Four vaping companies, including British American Tobacco (BAT), have had Instagram posts promoting e-cigarettes banned by the Advertising Standards Authority (ASA). The posts showed models and celebrities such as Lily Allen holding electronic cigarettes. The advertising of these products is banned on social media. The complaint was backed by UK anti-smoking groups Action on Smoking and Health (ASH) and Stopping Tobacco Organisations and Products (STOP).

The four vaping companies under scrutiny were British American Tobacco (BAT), Ama Vape, Attitude Vapes and Global Vaping Group. The companies were accused of promoting nicotine-containing e-cigarettes and featuring models who appeared to be under 25, which is banned under the advertising code. In its response, British American Tobacco said its online communications "aimed to impart factual information regarding products but stopped short of direct or indirect promotion".

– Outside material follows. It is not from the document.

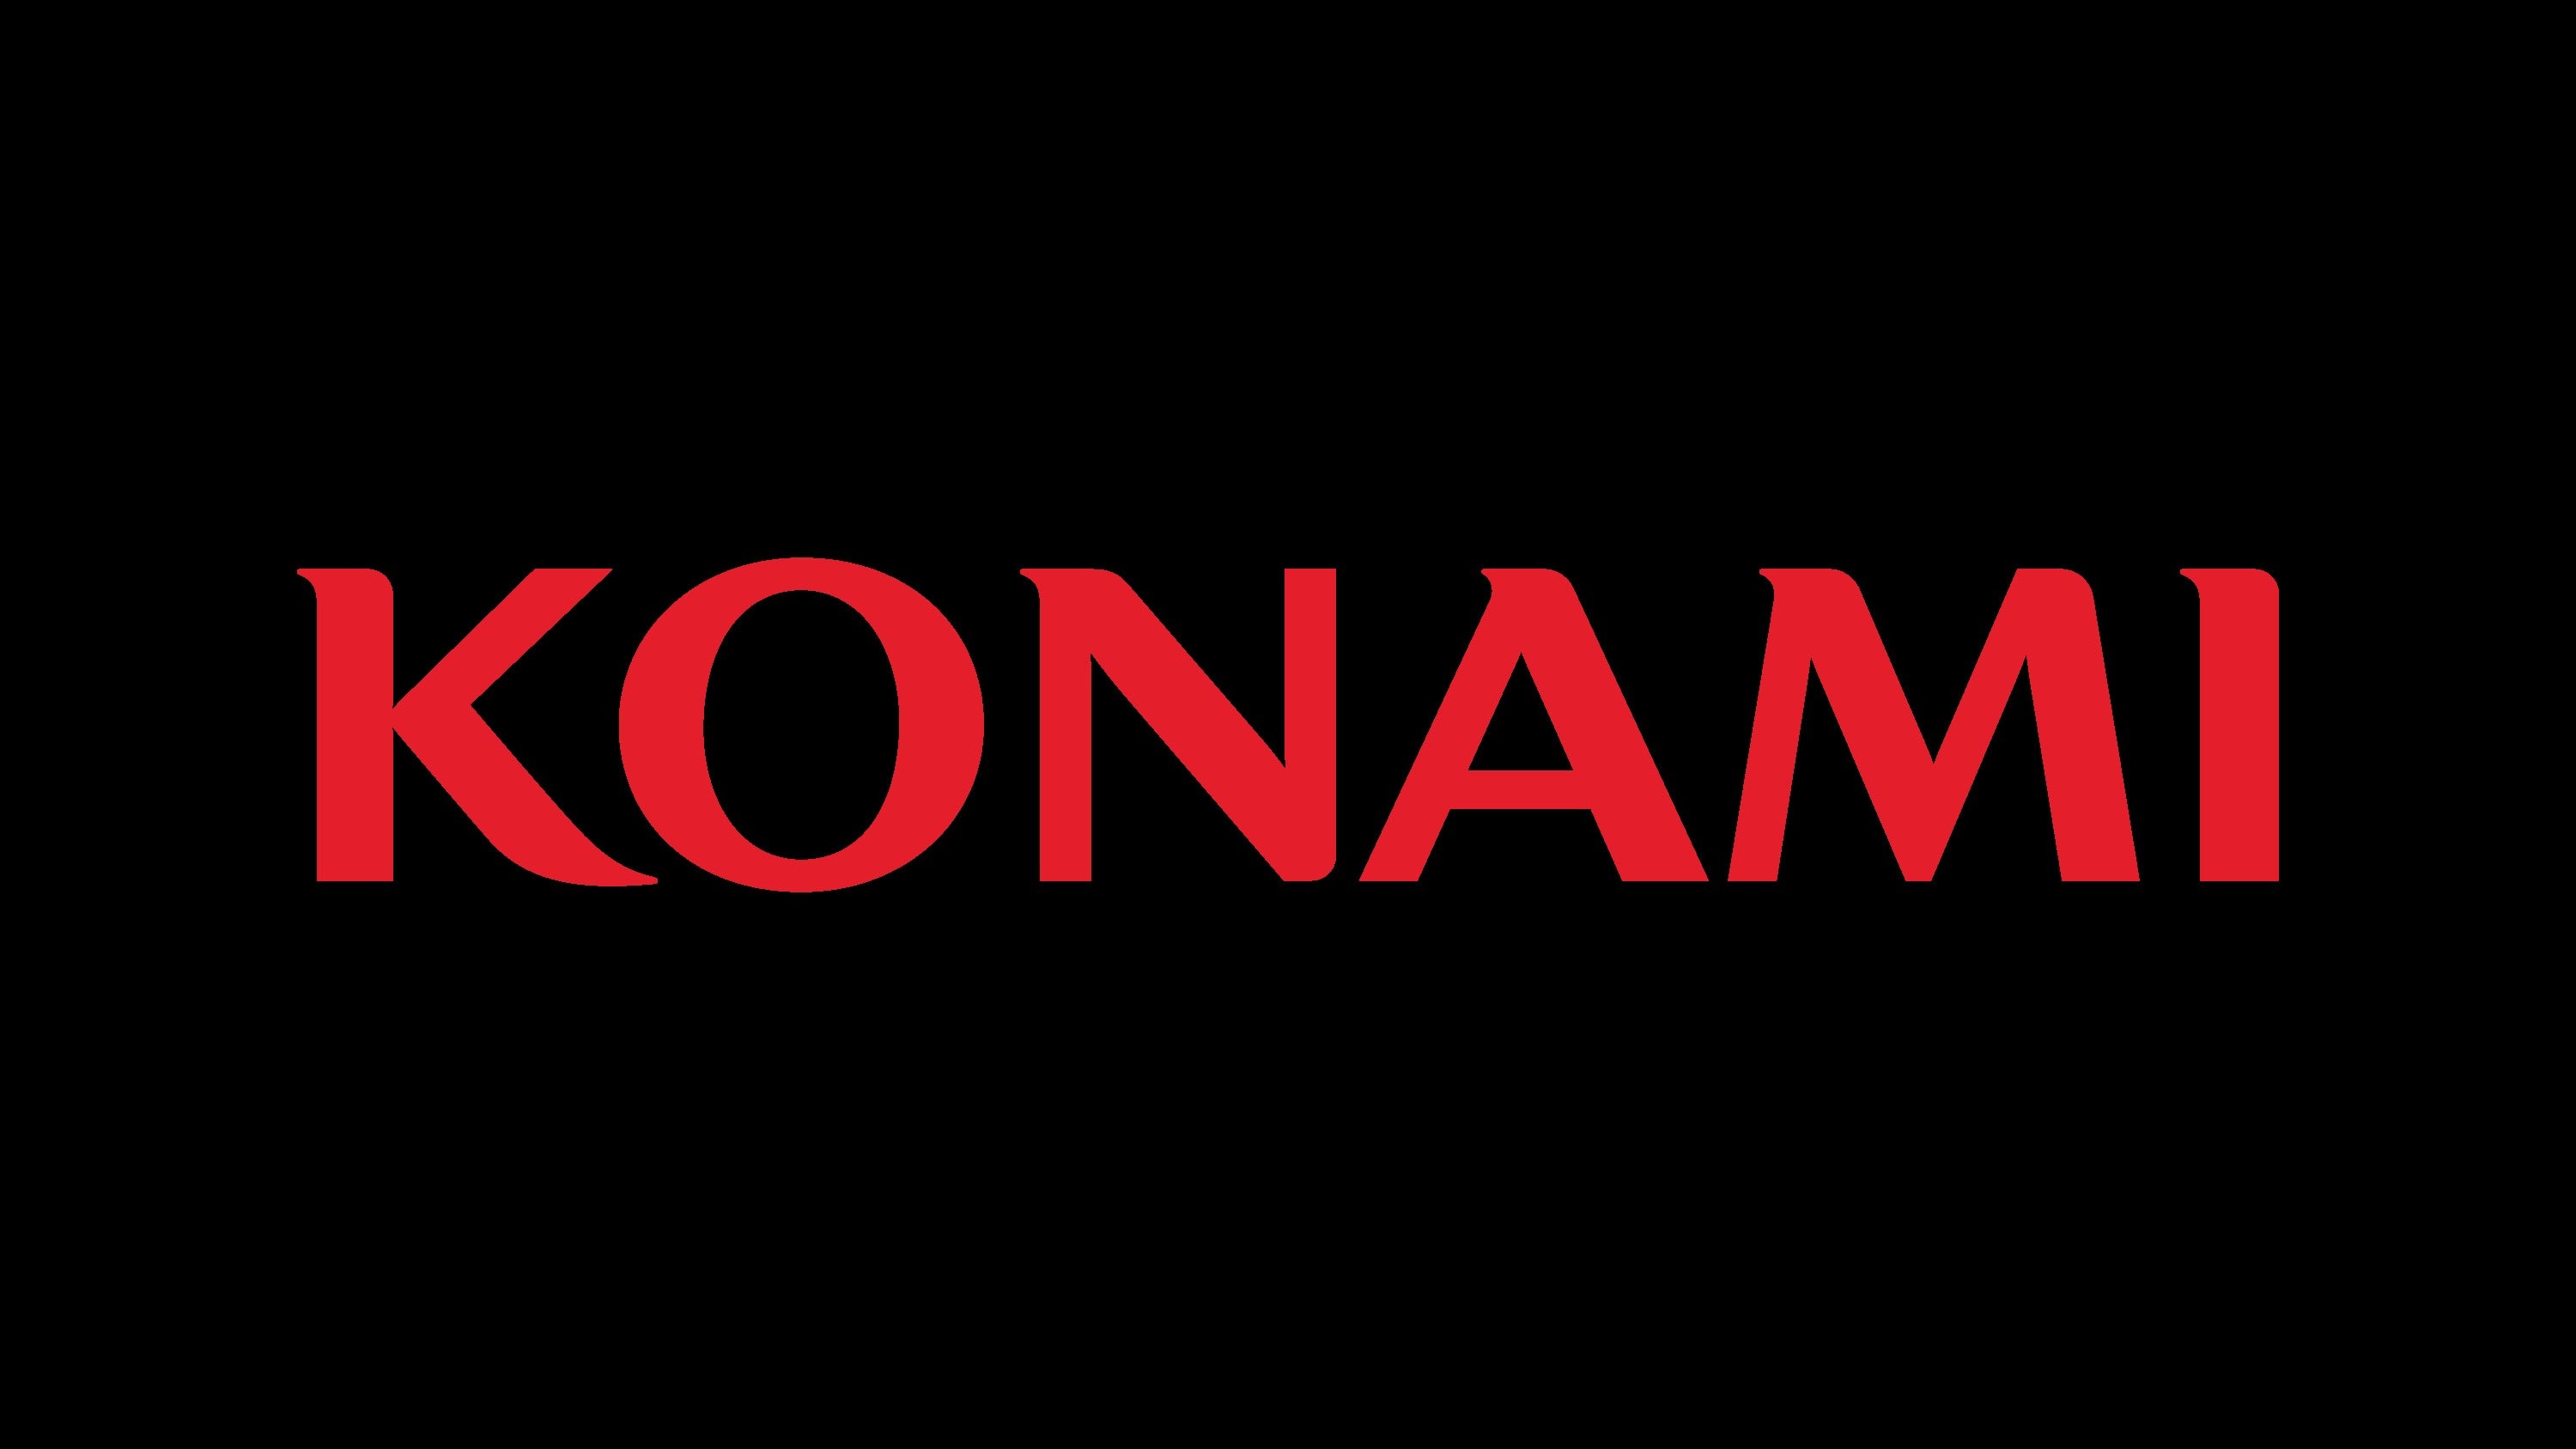 Gaming giant Konami launches several initiatives in Web3 and Metaverse

ASH chief executive Deborah Arnott said: "The law has always been clear that any advertising of e-cigarettes online is not permitted. BAT's defence that all they were doing was providing 'information' on social media not promoting their products has been blown out of the water. The ASA ruling leaves no doubt that BAT's social media tactics for Vype were both irresponsible and unlawful and must never be repeated."

The ASA ruled the posts must not appear again in their current form. It told all four companies posts promoting nicotine-containing e-cigarettes "should not be made from Instagram in future" unless steps were taken to make sure they could not be viewed by under-18s and the people featured must be 25 or older.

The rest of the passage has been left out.